Building from source
To build Prometheus from source, you will need to make sure you have a working Golang (v1.13 or above) environment, as well as installing NodeJS and Yarn. To prepare an Ubuntu 20.04 instance for this, do the following: -
# Install Golang
$ apt install golang
# Install NodeJS and NPM (Node Package Manager)
$ apt install nodejs npm
# Install Yarn
$ npm install -g npm
# Set your GOPATH
$ mkdir ~/go
$ export GOPATH=~/go
After this, you can follow the instructions provided on the Prometheus GitHub README. These are: -
$ mkdir -p $GOPATH/src/github.com/prometheus
$ cd $GOPATH/src/github.com/prometheus
$ git clone https://github.com/prometheus/prometheus.git
$ cd prometheus
$ make build
This process generates all the web assets (using NodeJS and Yarn), as well as injecting them into the Golang build process.

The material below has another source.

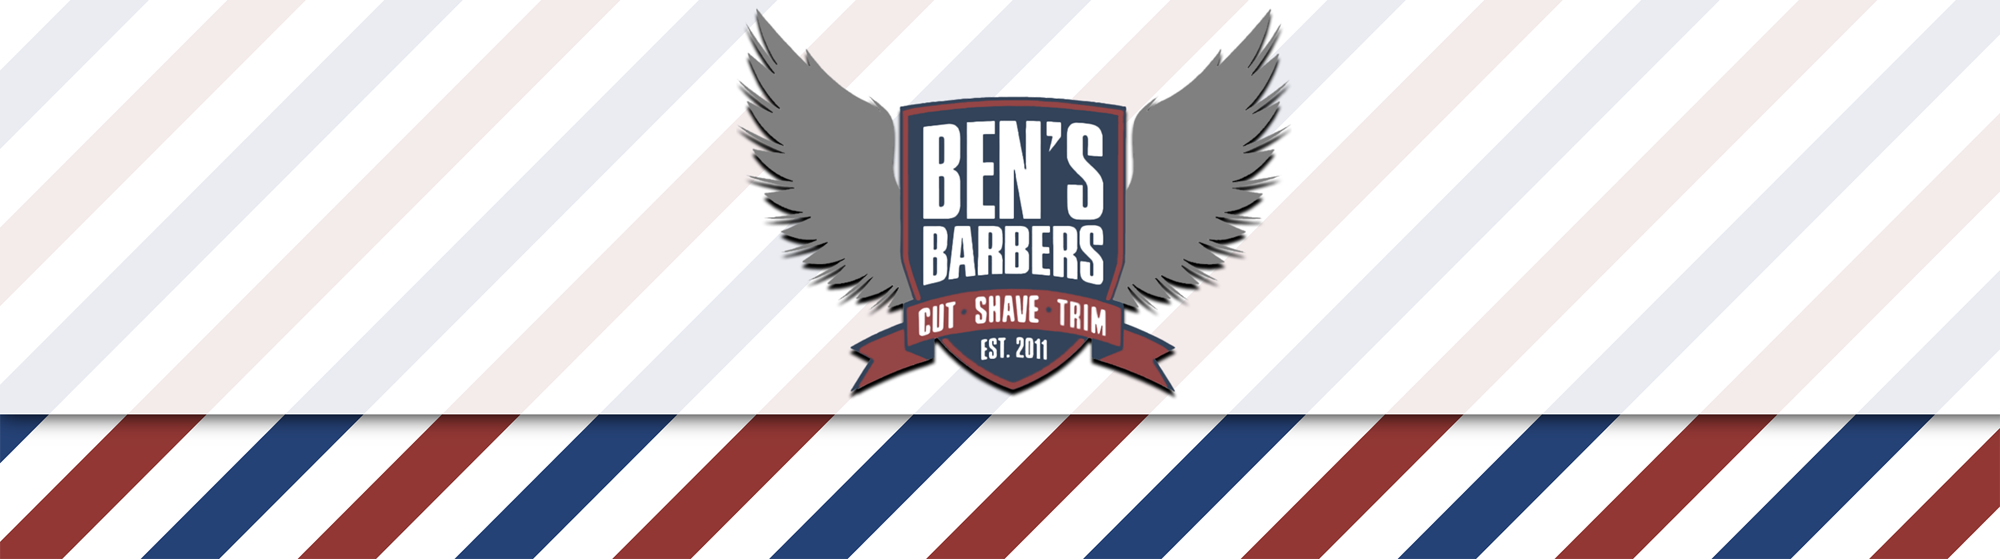 Ben's Barbers

This makes the binary portable (i.e. the web assets are part of the binary, rather than in a static path). The output of the make build
command is below: -
cd web/ui/react-app && yarn --frozen-lockfile
yarn install v1.22.4
[1/4] Resolving packages...
[2/4] Fetching packages...
info [email protected]: The platform "linux" is incompatible with this module.
info "[email protected]" is an optional dependency and failed compatibility check. Excluding it from installation.
info [email protected]: The platform "linux" is incompatible with this module.
info "[email protected]" is an optional dependency and failed compatibility check. Excluding it from installation.
[3/4] Linking dependencies...
warning " > [email protected]" has unmet peer dependency "[email protected]".
[4/4] Building fresh packages...
Done in 47.65s.
>> building React app
building React app
yarn run v1.22.4
$ react-scripts build
Creating an optimized production build...
Compiled successfully.
File sizes after gzip:
260.61 KB build/static/js/2.dfe05a07.chunk.js
29.67 KB build/static/js/main.3085a125.chunk.js
23.27 KB build/static/css/2.df42c974.chunk.css
1.5 KB build/static/css/main.0b010d50.chunk.css
770 B build/static/js/runtime-main.5db206b5.js
The project was built assuming it is hosted at ./.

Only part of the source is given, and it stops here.